§ **Assignment**: Reproduce the data exactly as given, except for any images.
--- Source material Enclosed Below ---
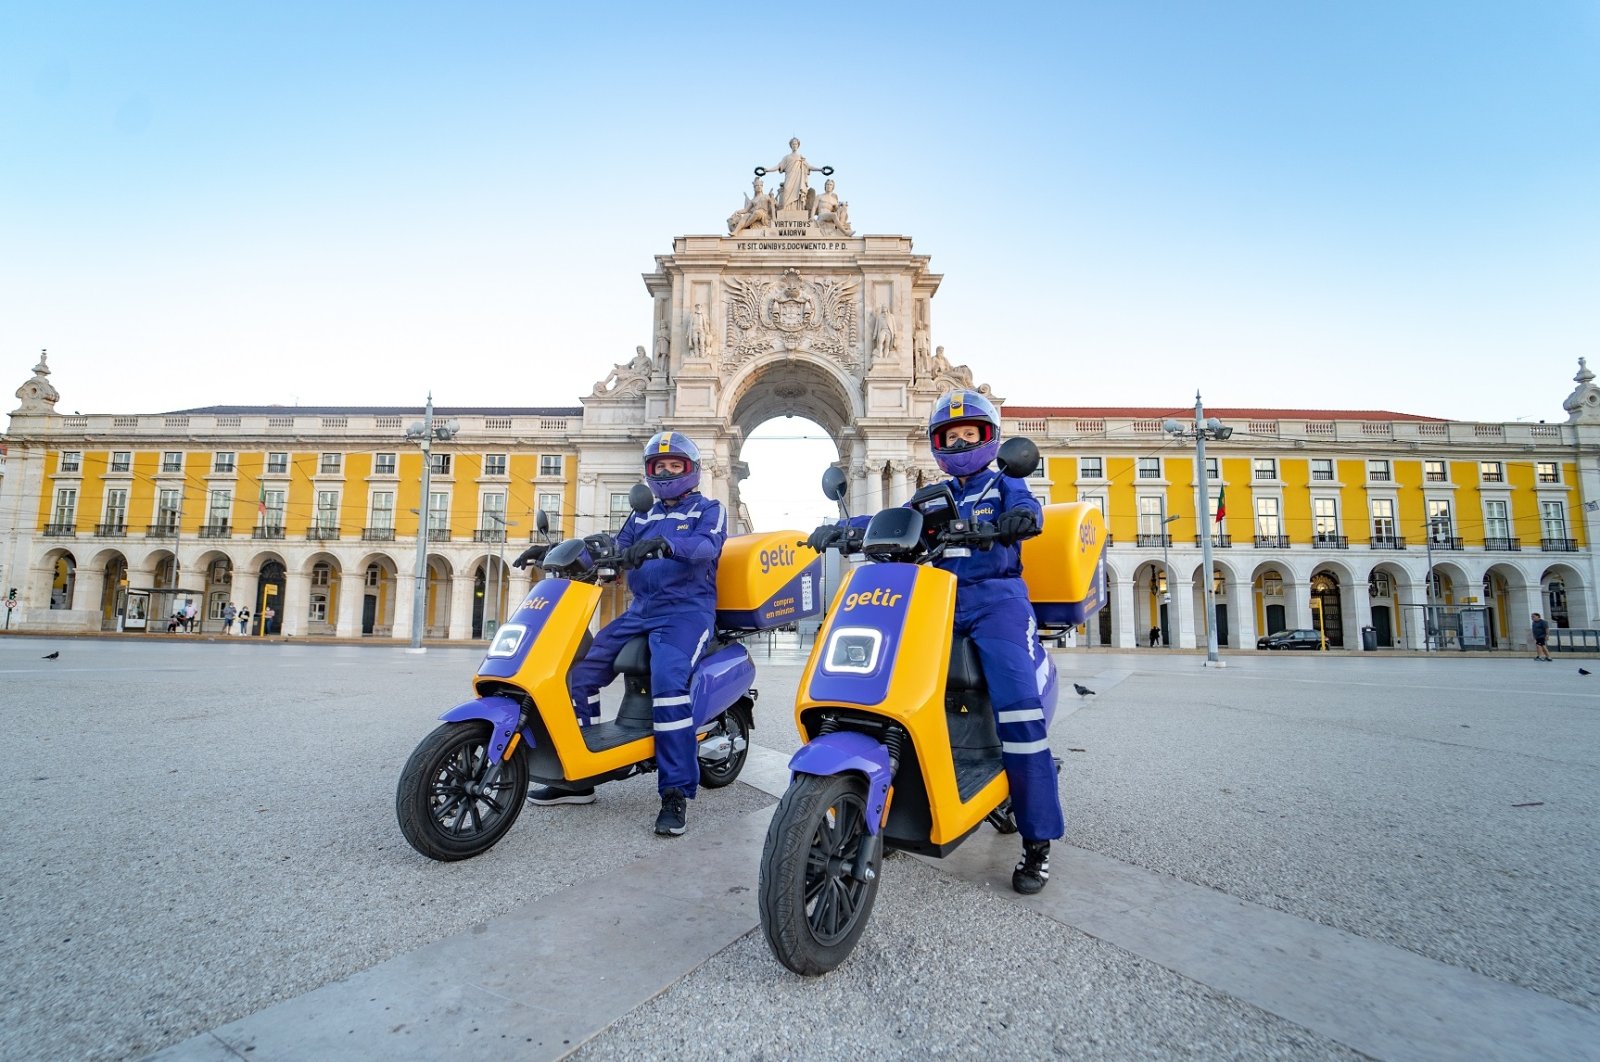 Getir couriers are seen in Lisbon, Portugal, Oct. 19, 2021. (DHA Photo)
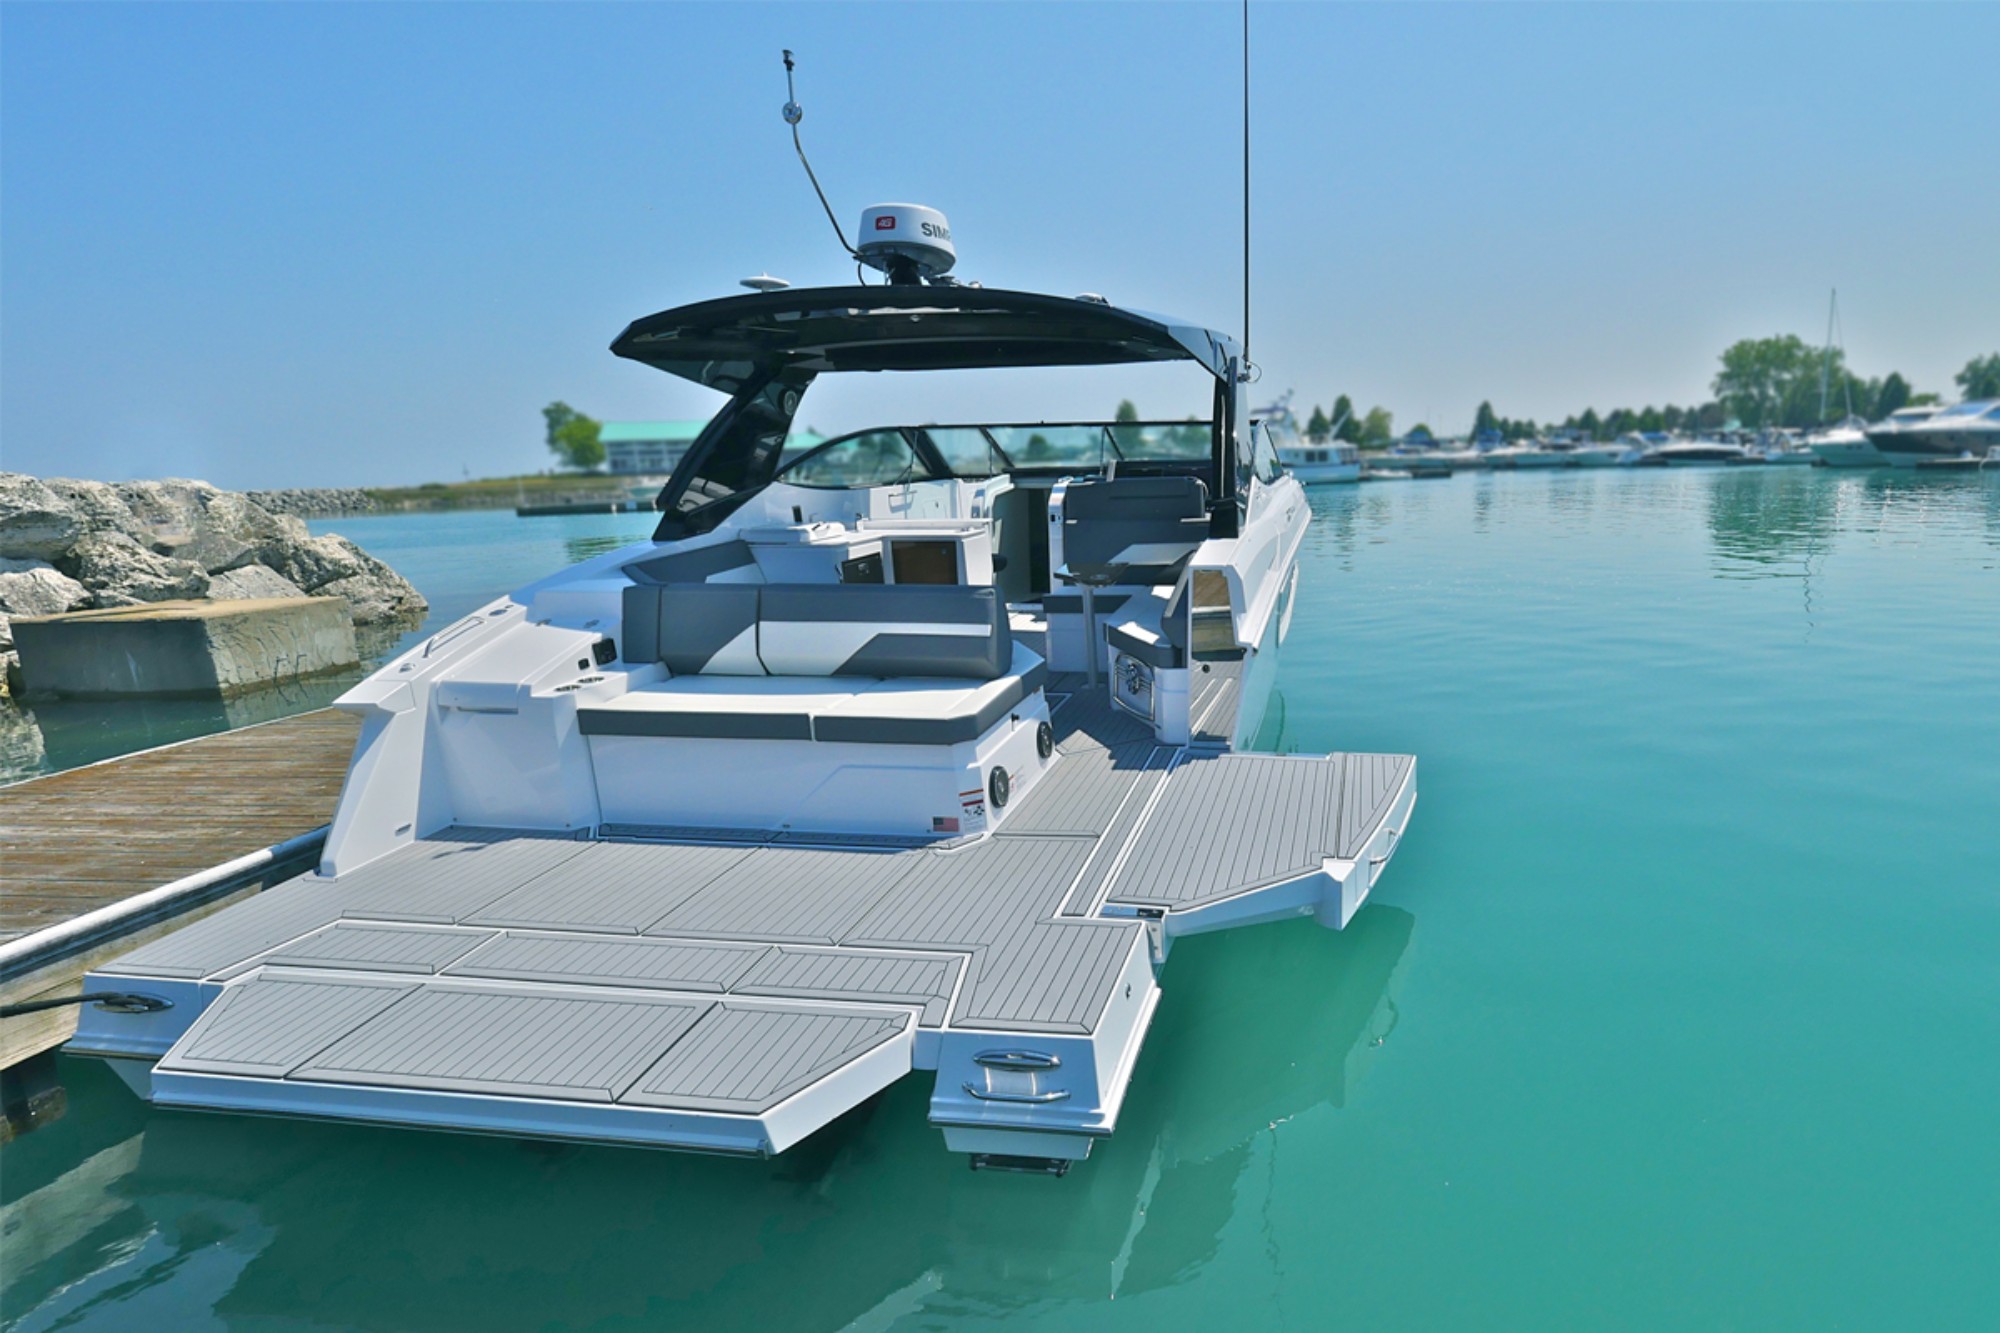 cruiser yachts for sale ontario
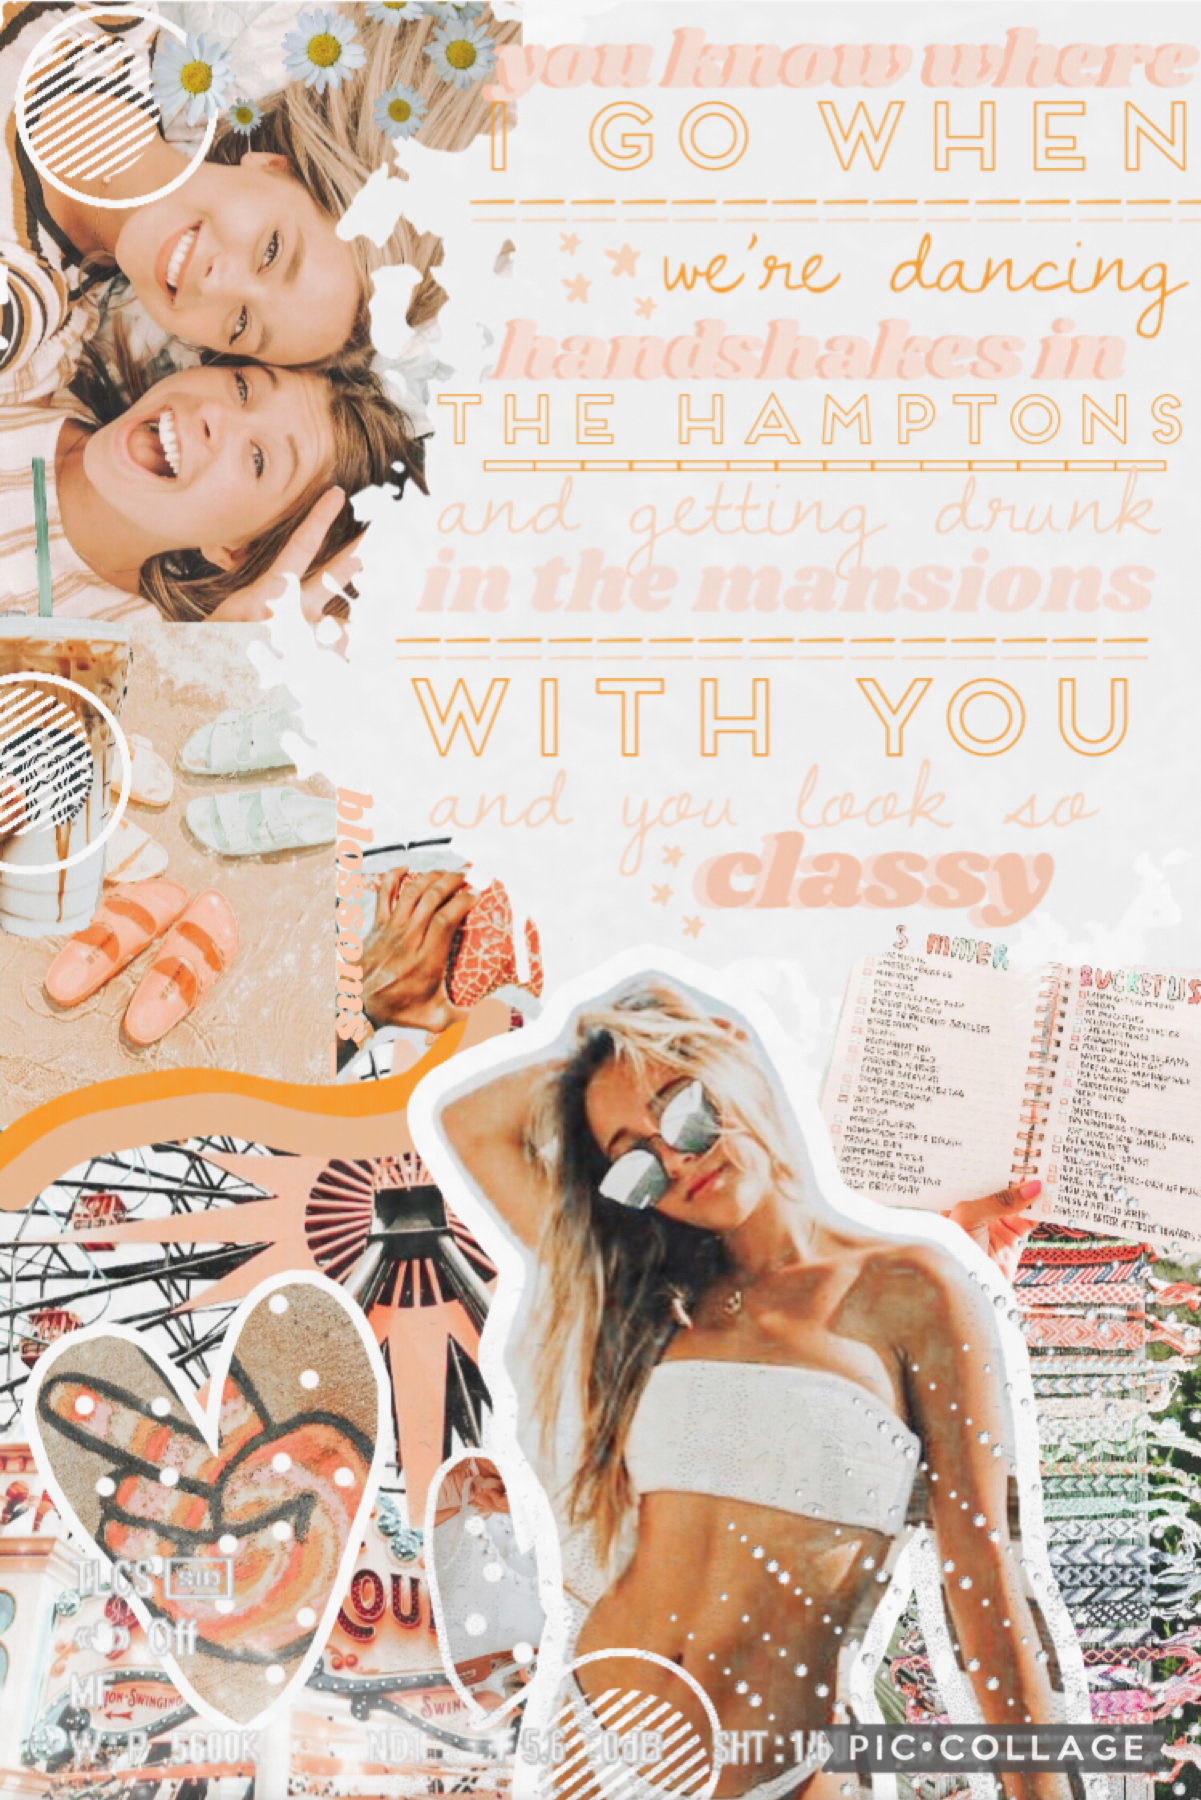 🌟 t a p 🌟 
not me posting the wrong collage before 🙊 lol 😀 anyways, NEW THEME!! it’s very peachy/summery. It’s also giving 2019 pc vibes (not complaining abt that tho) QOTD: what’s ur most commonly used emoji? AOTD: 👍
--- End of Enclosed Source material ---
§ **Result**:
 Getir couriers are seen in Lisbon, Portugal, Oct. 19, 2021. (DHA Photo)
 cruiser yachts for sale ontario
 🌟 t a p 🌟 
not me posting the wrong collage before 🙊 lol 😀 anyways, NEW THEME!! it’s very peachy/summery. It’s also giving 2019 pc vibes (not complaining abt that tho) QOTD: what’s ur most commonly used emoji? AOTD: 👍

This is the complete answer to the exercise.